Chissà se mi sentite come vedo,
se abbracciate i bambini e ne assaggiate
il sale delle lacrime se piangono,
se tutto è assurdo come sembra vero.
E forse in questa conclusione si può leggere una terzina camuffata, tre più uno, come nei finali di ogni cantica, ma, incastonata dal rimando vedo/vero è la conquista di una visione, di una comprensione.
E la forza di quel chissà apre una voragine e improvvisamente ‘io’ vuol dire ritrovare il noi, dunque ci coinvolge, ci interroga, costringe a riprendere da capo per capire come quel è successo ci riguarda o forse viviamo senza rendercene conto.

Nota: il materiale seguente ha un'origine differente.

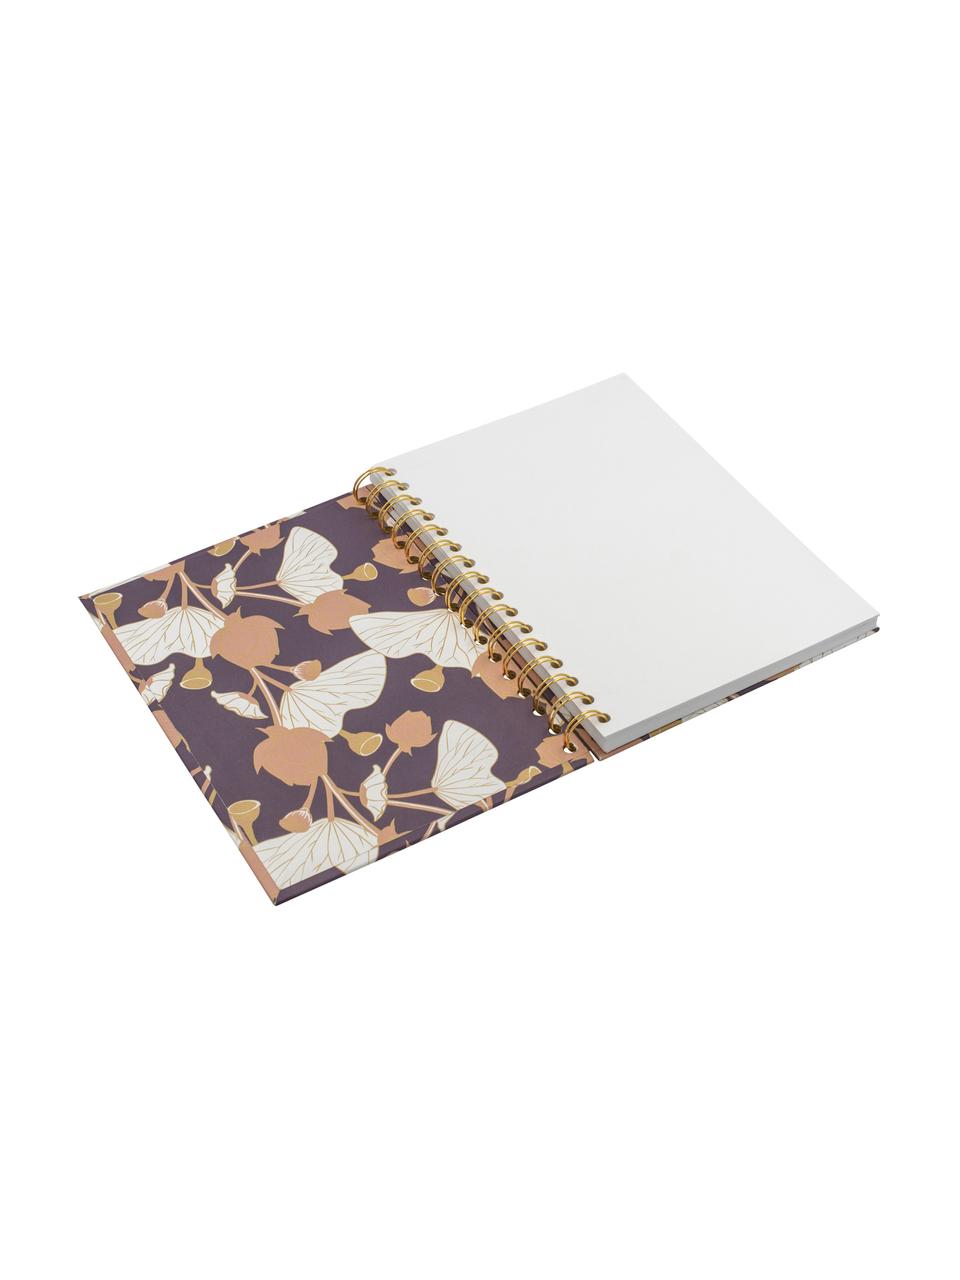 Cuaderno Lotus, Lila, rosa, amarillo, blanco, An 16 x Al 21 cm

Quelle parole di altri, il sale delle lacrime che ora i sensi percepiscono e ne fanno una propria esperienza, non possono che essere vere, la menzogna è stata evitata, e il vedere corrisponde alla verità. Siamo smarriti in questo mondo e in questo mondo dobbiamo far parlare il dolore non comprensibile, che ci appare ingiustificato e inammissibile: l’unico ‘oltre’ delle nostre parole, diventate finalmente vere, perché, e comprendiamo il titolo, sono “Le Parole di nessuno”: sono le nostre parole.